++++ GIVEN INFORMATION ++++
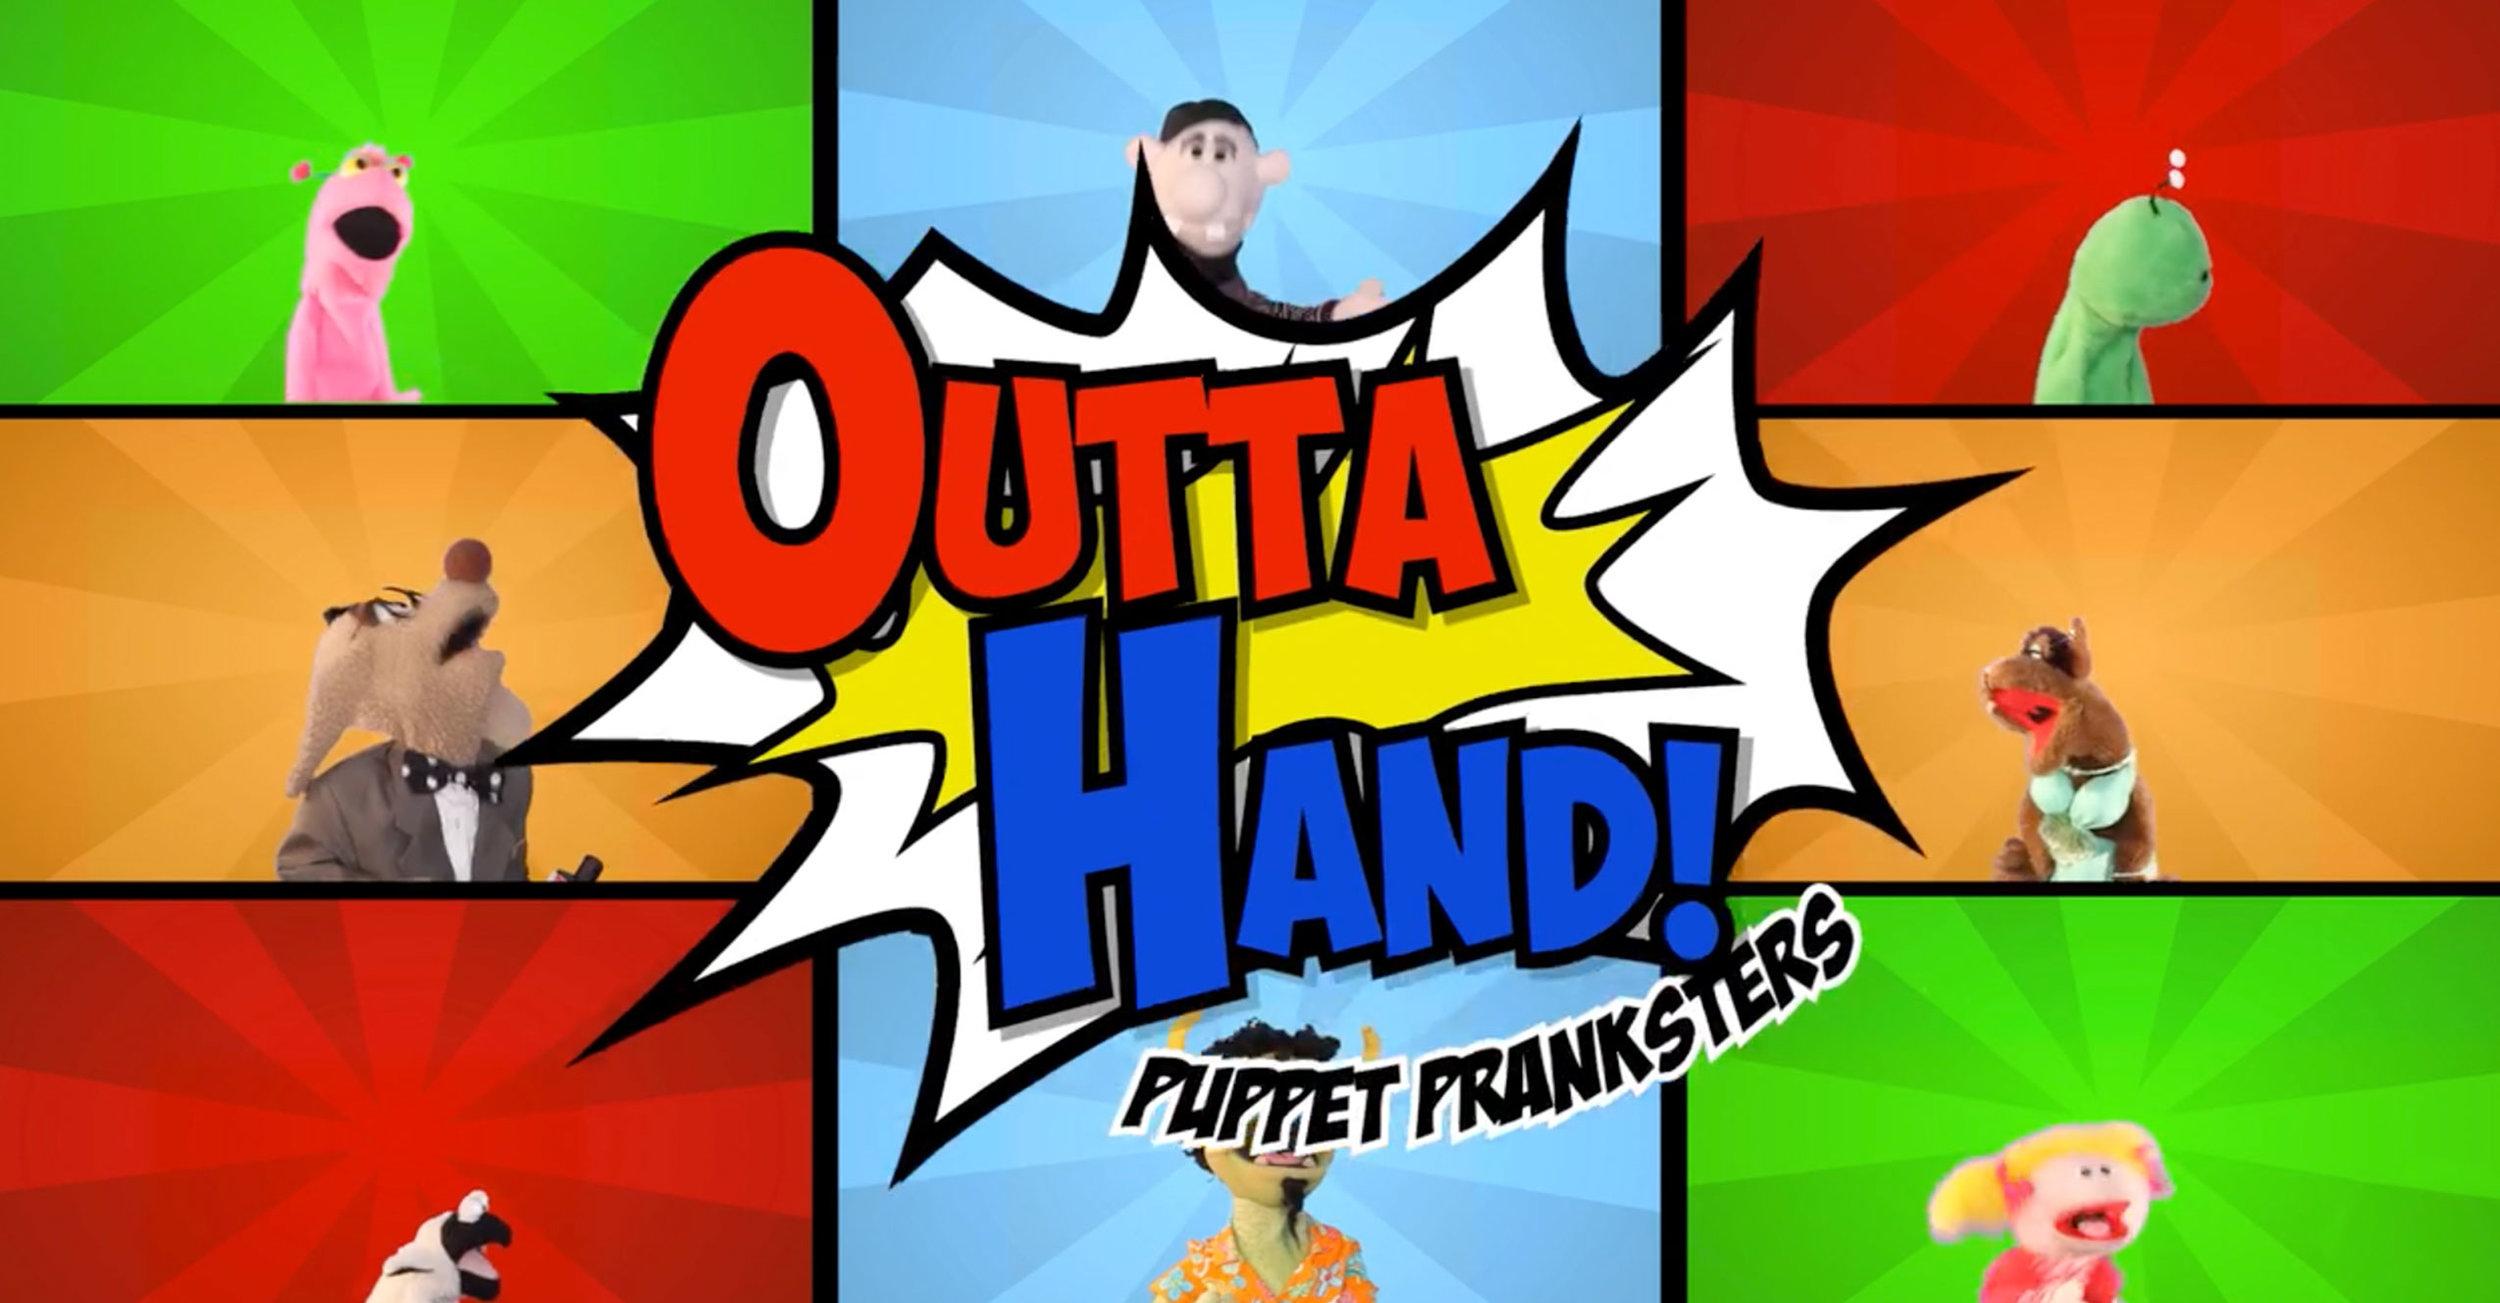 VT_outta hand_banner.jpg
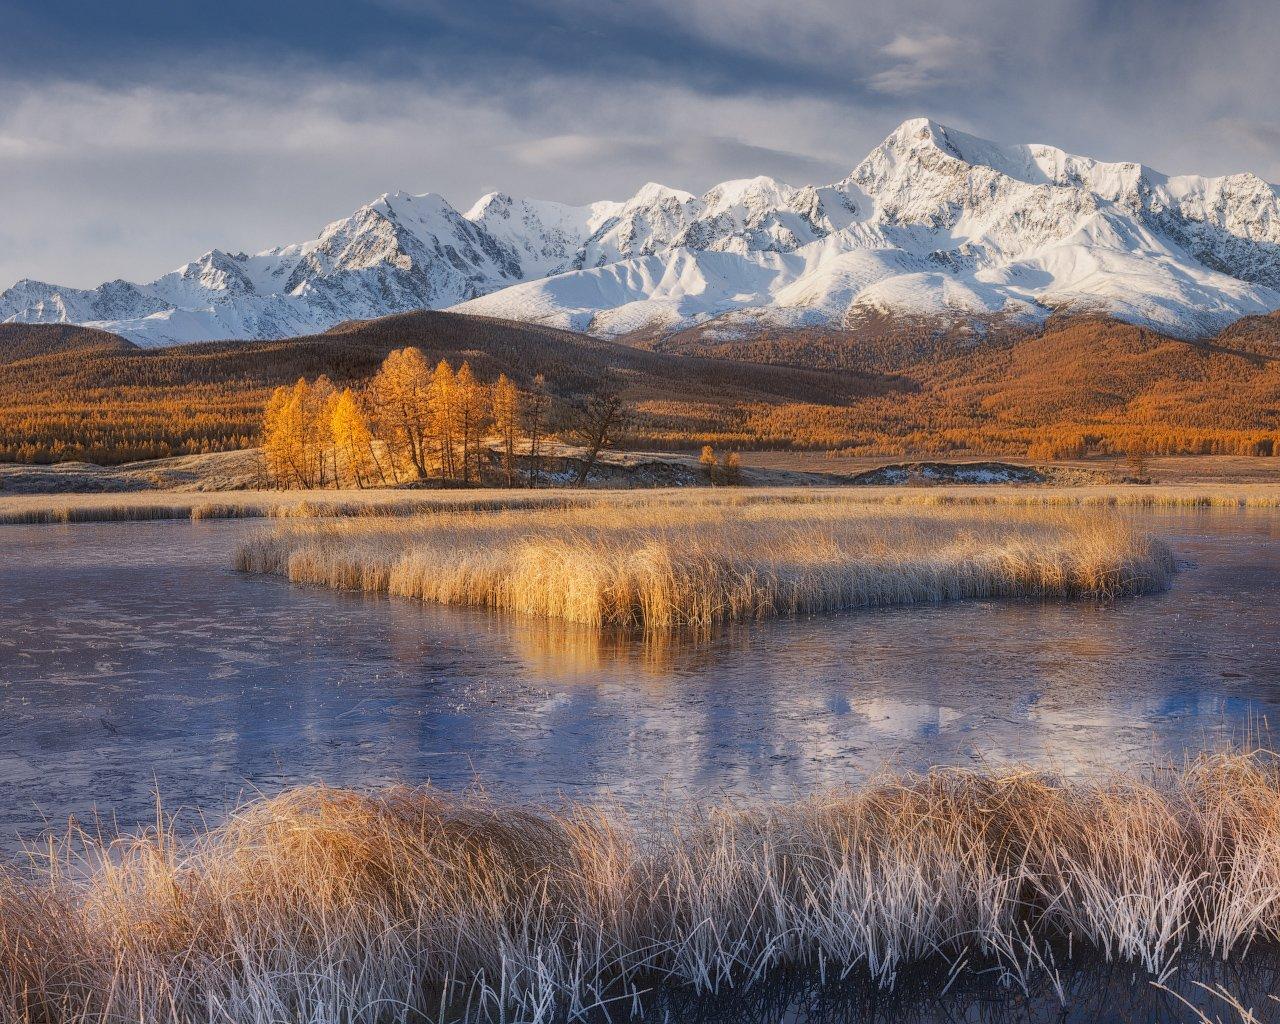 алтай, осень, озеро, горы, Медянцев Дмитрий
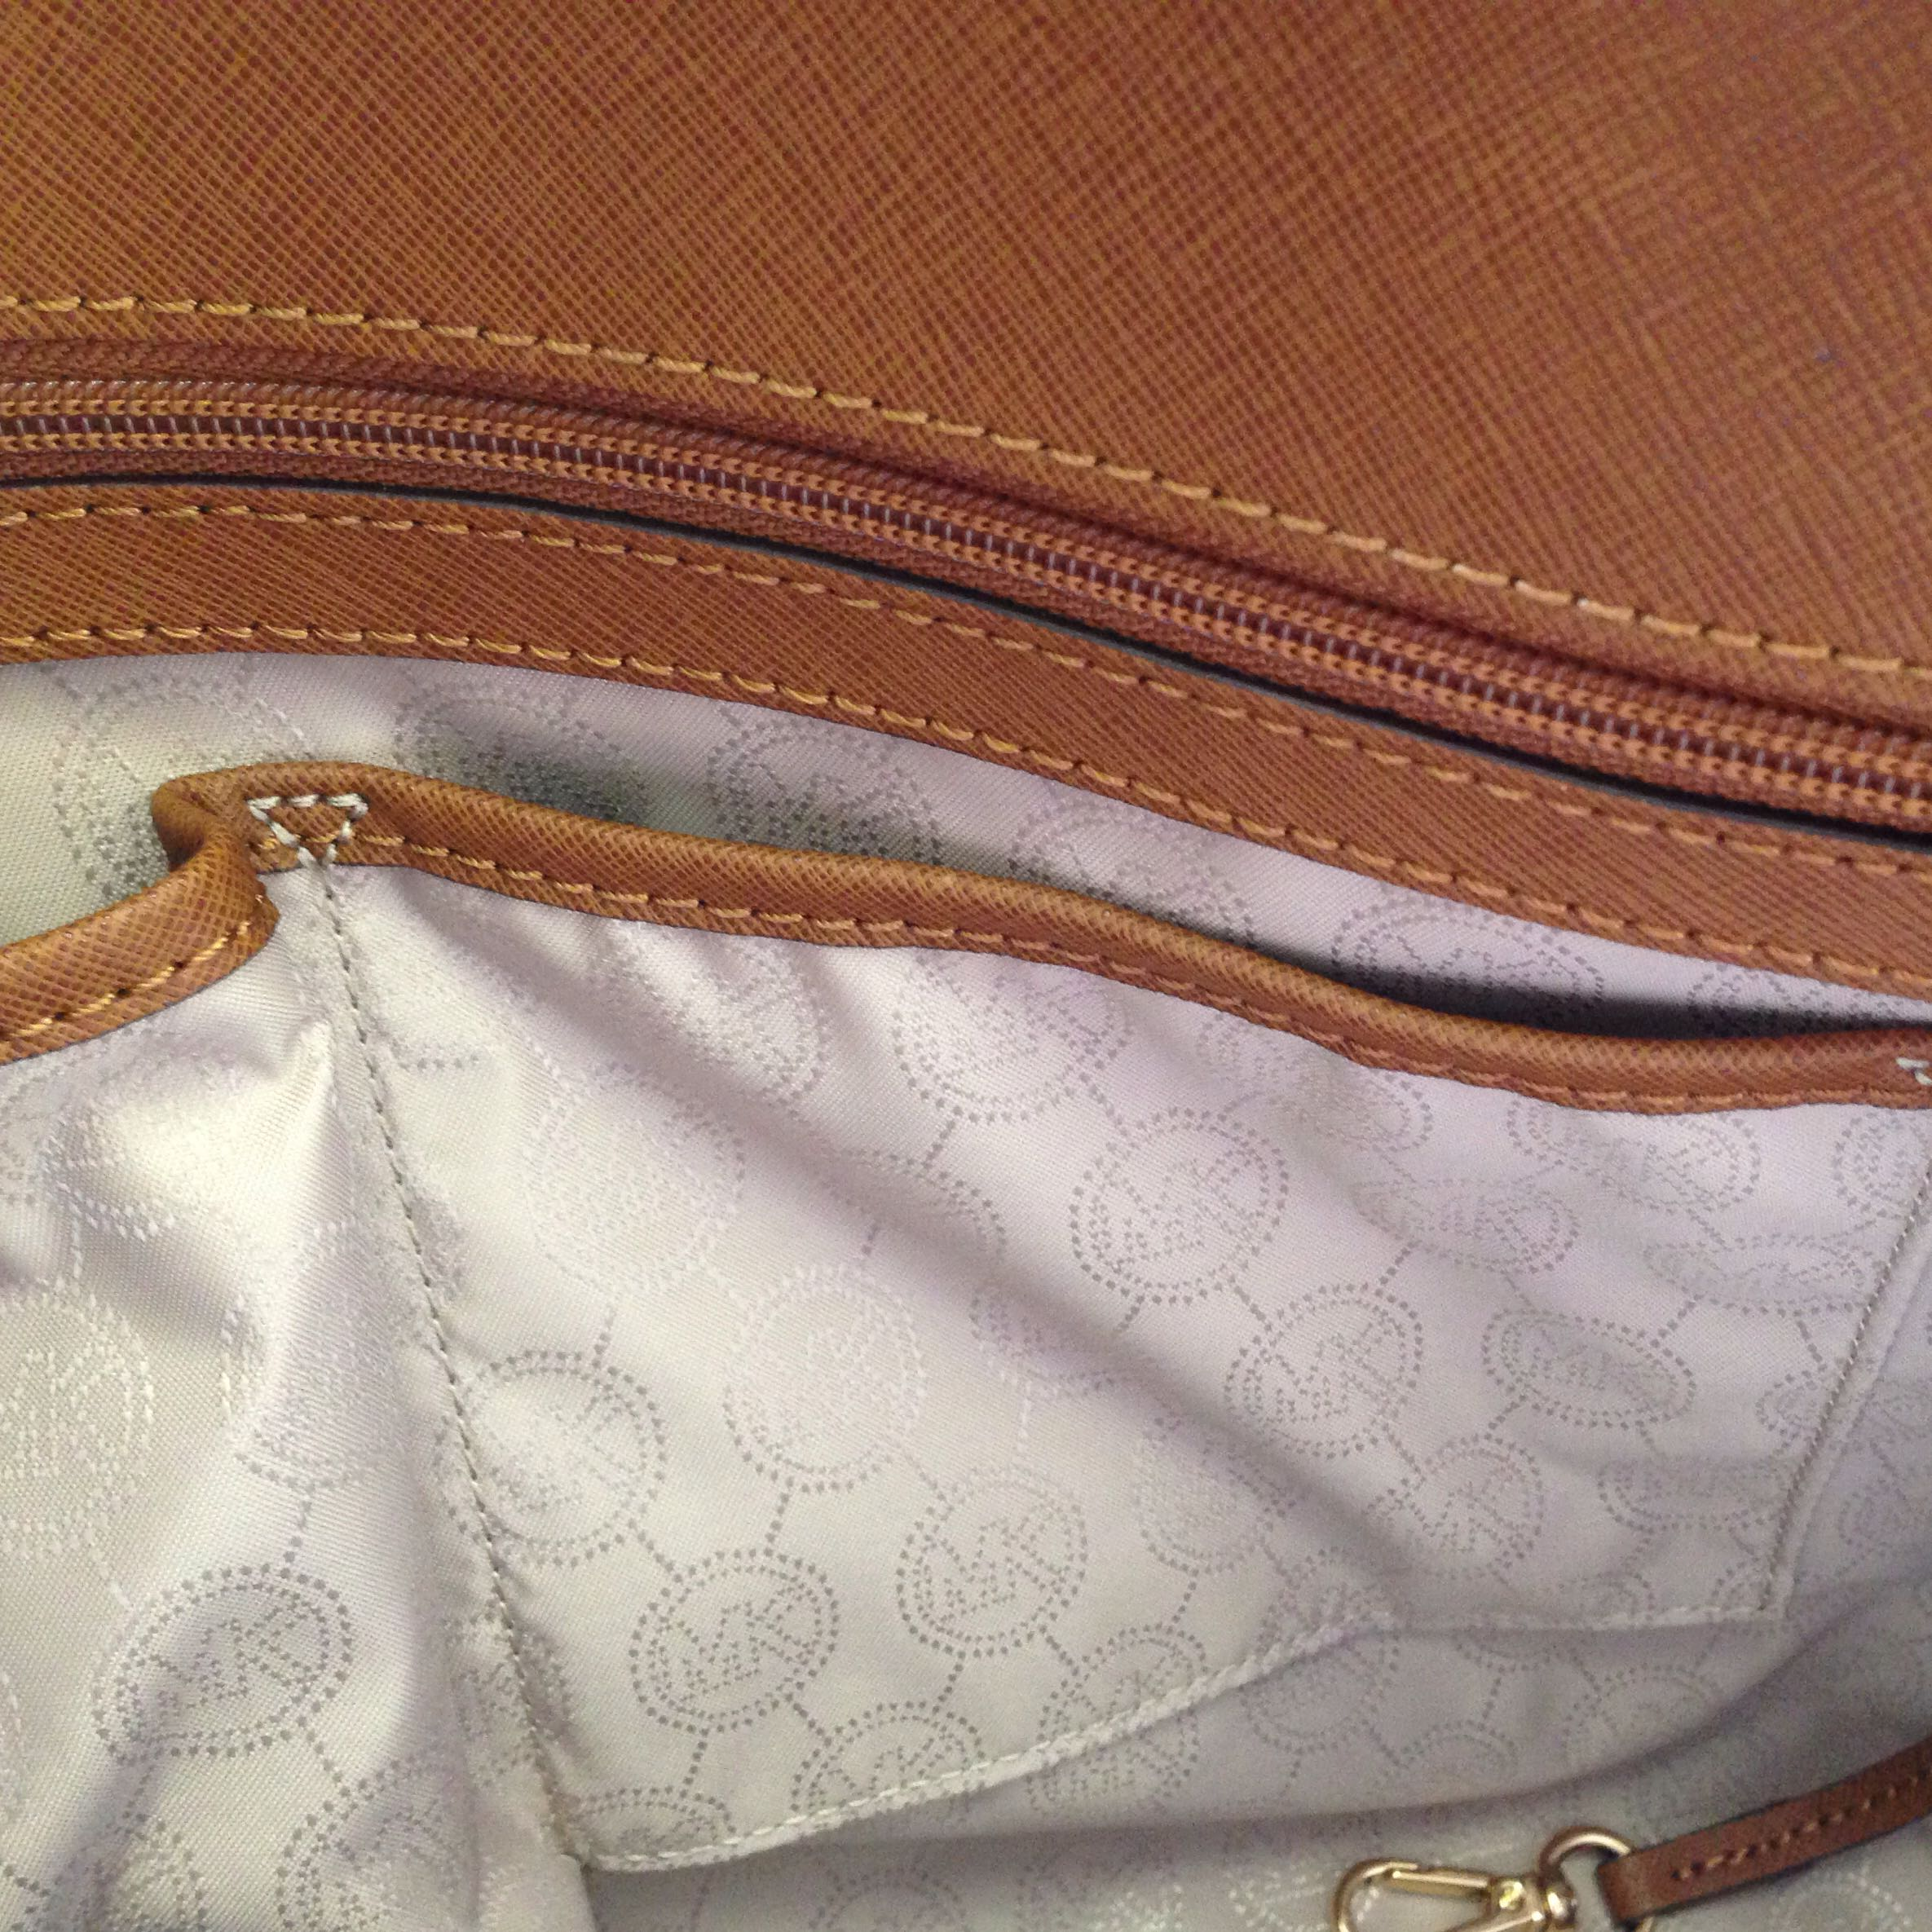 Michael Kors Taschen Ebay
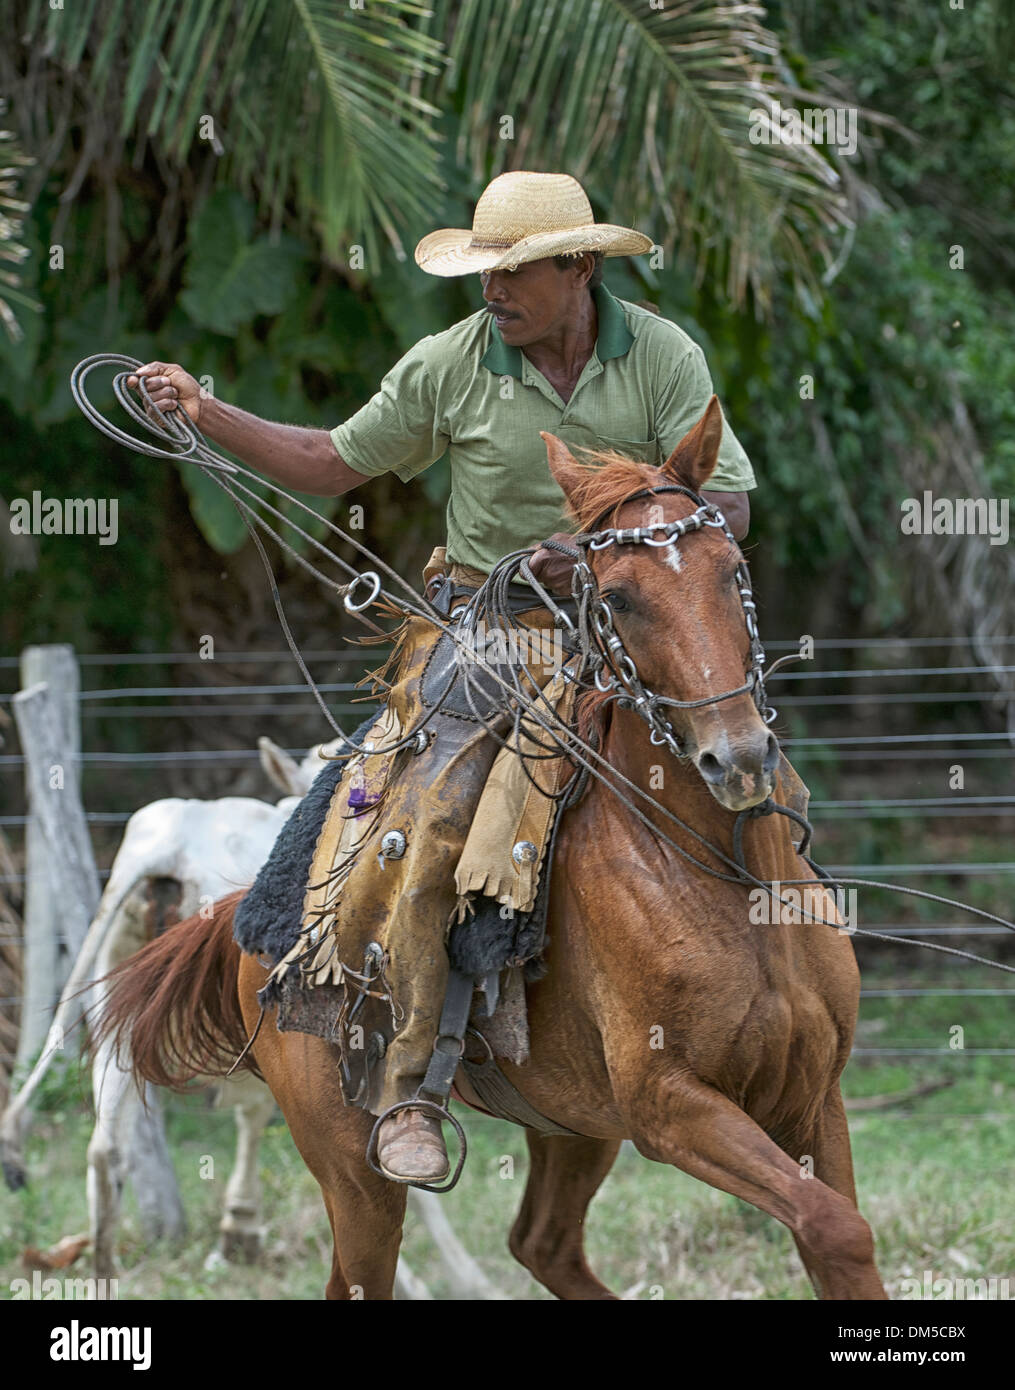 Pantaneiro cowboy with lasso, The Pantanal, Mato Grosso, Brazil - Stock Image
++++
§ EXERCISE DIRECTIONS
Give an exact copy of the data, and omit any pictures it holds.

§ REPLY
 VT_outta hand_banner.jpg
 алтай, осень, озеро, горы, Медянцев Дмитрий
 Michael Kors Taschen Ebay
 Pantaneiro cowboy with lasso, The Pantanal, Mato Grosso, Brazil - Stock Image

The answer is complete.